INSTANT RUN-OFF VOTING IN PRESIDENTIAL PRIMARIES: A PATH TO MAJORITY RULE AND INOCULATION AGAINST TRUMP

          As the 2024  presidential primary season approaches, we can anticipate a large number of  Republican presidential hopefuls will declare their candidacy. This will be reminiscent of the 2016 primary season which began with 17 candidates.   Meanwhile,  should President Biden decide not to run for re-election -- perhaps even if he does! --   Democrats will also have a primary season beginning with several hopefuls, if not in 2024 then certainly in 2028.  Neither party has a rational procedure for choosing the final winner in multiple candidate primary seasons.    

         If the current primary election rules apply, the 2024  primaries will be conducted as a series of state elections over many months, each decided by plurality rule, not majority rule.   Instead, plurality rule in a series of primaries among a large number of contestants is highly likely to prevent majority rule as a matter of simple arithmetic; each individual primary in the sequence being essentially a plurality vote process of eliminating candidates. This effect is especially acute in the Republican primary system which awards delegates on a winner-take-all basis, permitting huge leads to develop very quickly, speeding the process of elimination. 
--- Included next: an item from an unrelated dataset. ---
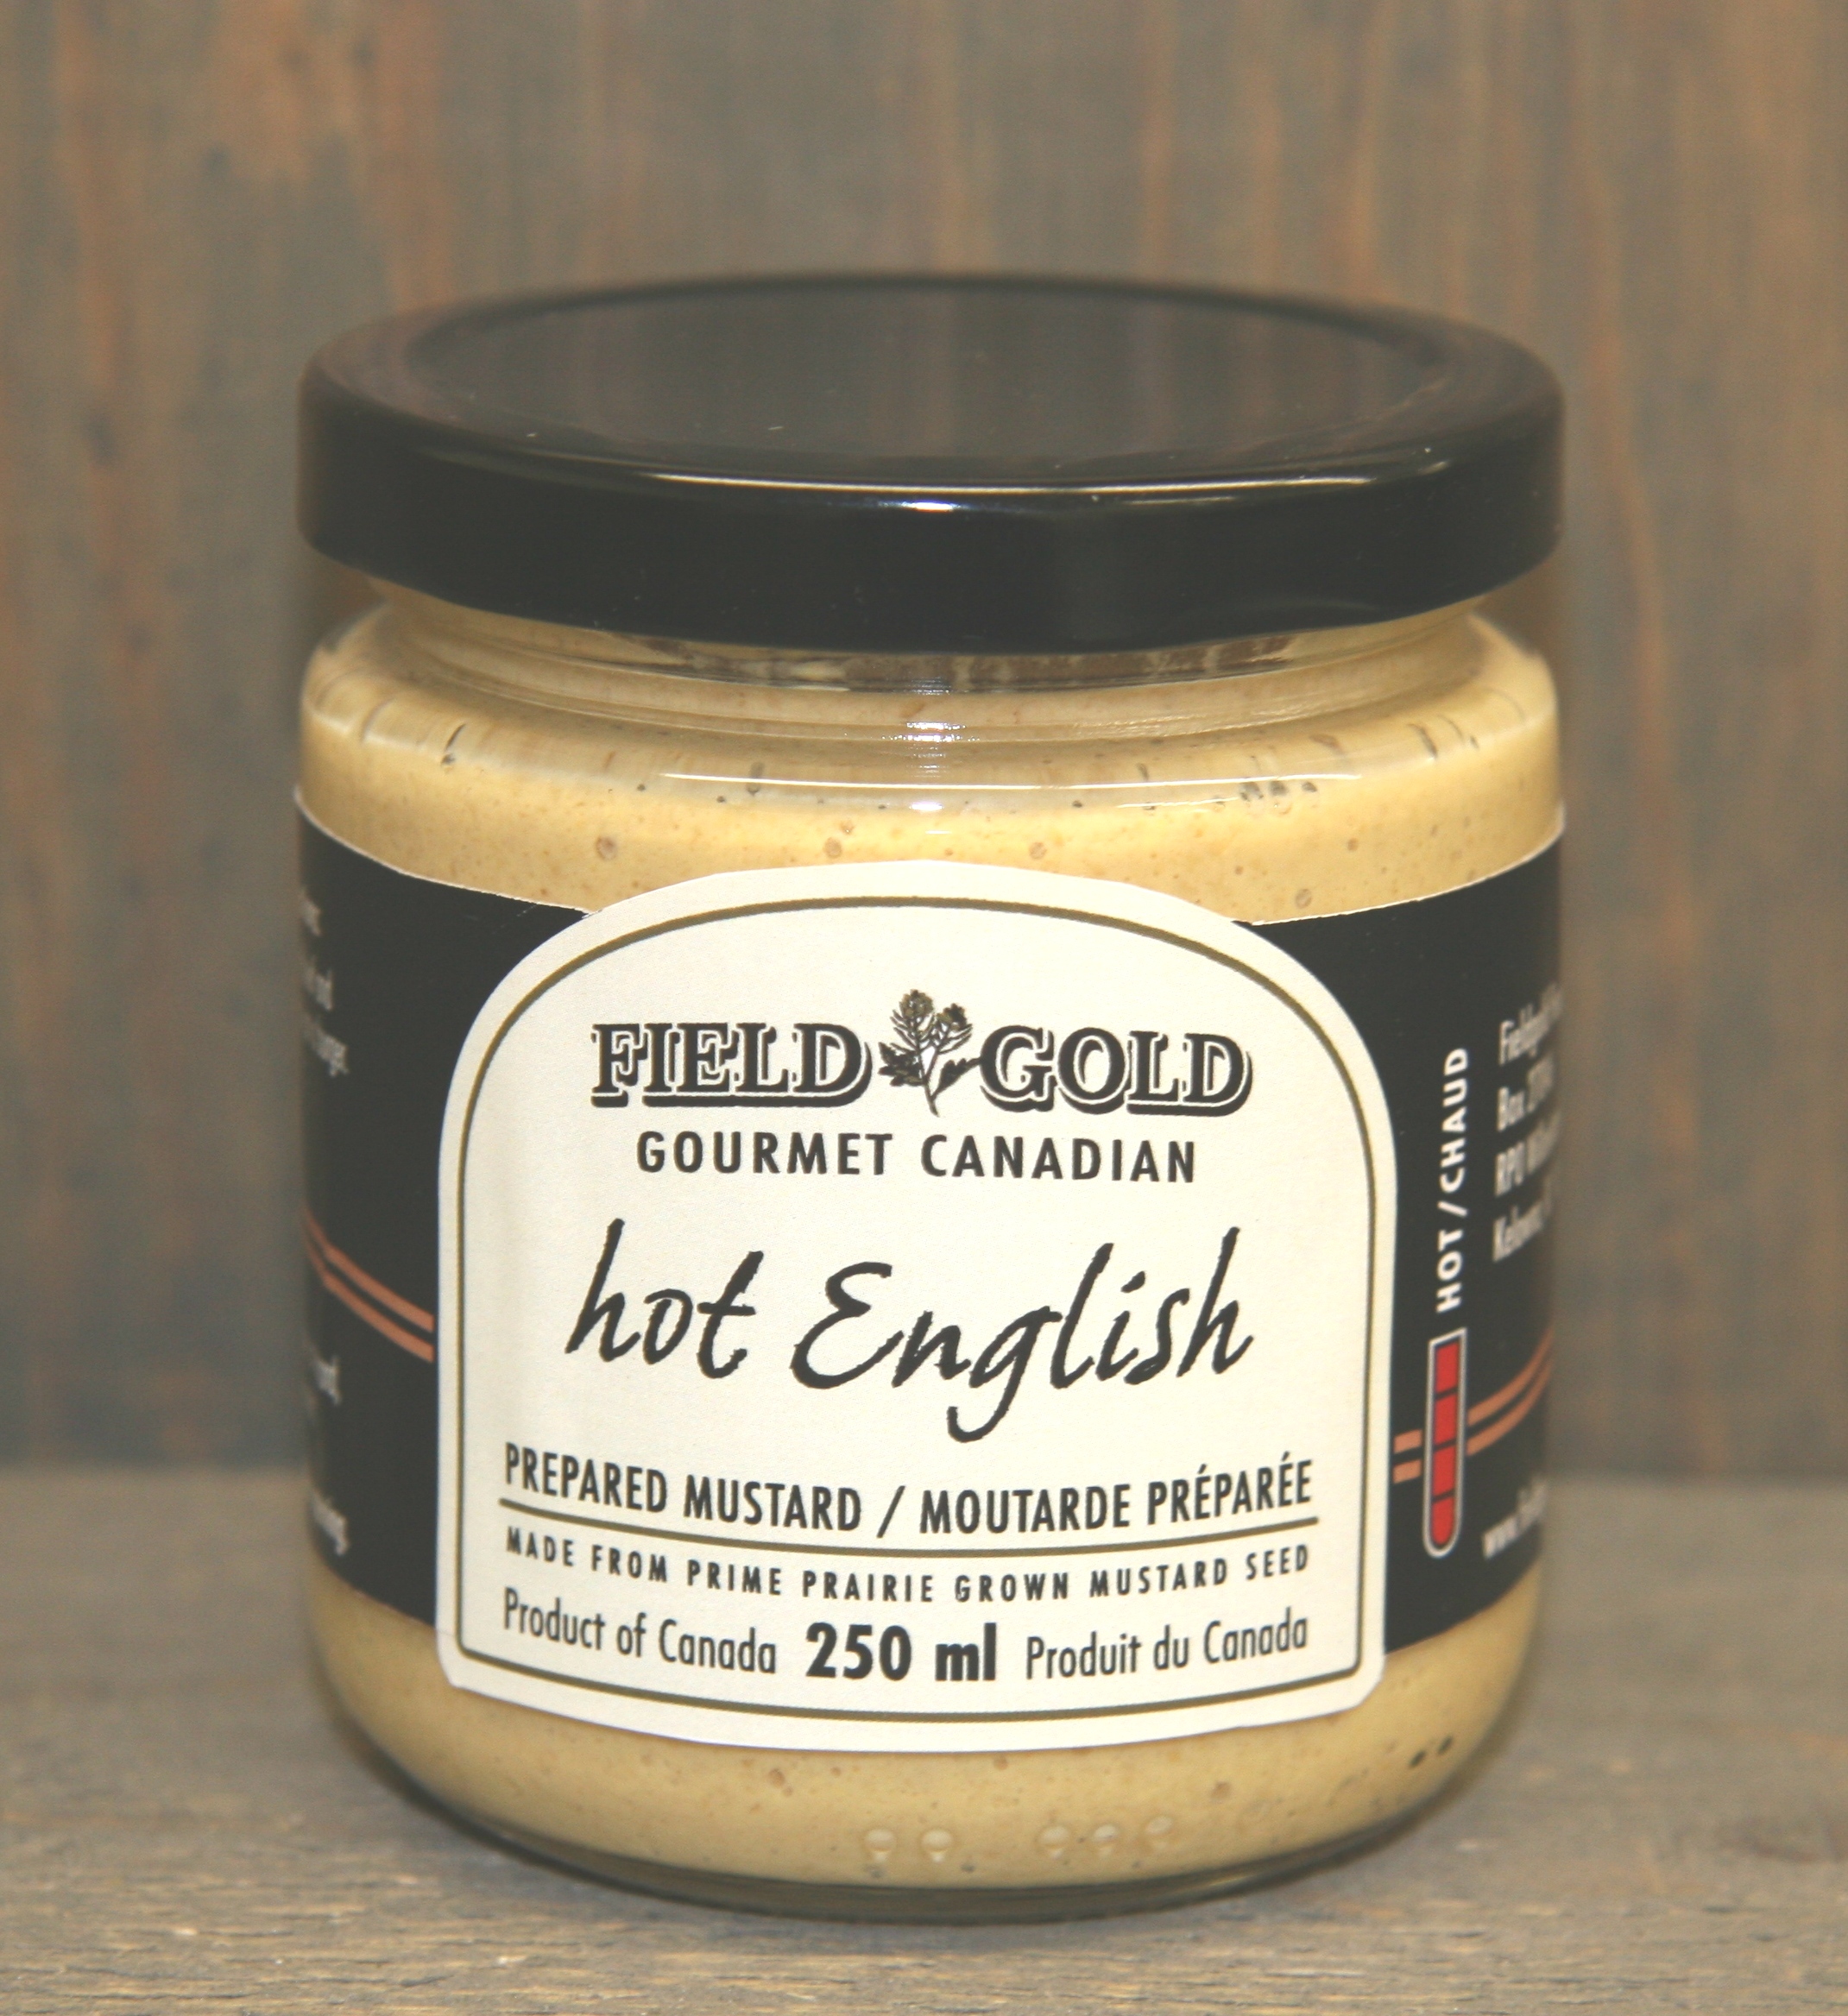 Hot English Mustard

         In other words, a repeat of 2016 looms.  During that Republican primary season, Donald Trump won early primaries with only 25 to 30% of the vote. Meanwhile,  while the more traditional established vote was split among several more candidates including Jeb Bush, Chris Christie, Carly Fiorina, and John Kasich. Because Trump retains solid support among at least 30% of Republicans,  he is primed to do that again in 2024.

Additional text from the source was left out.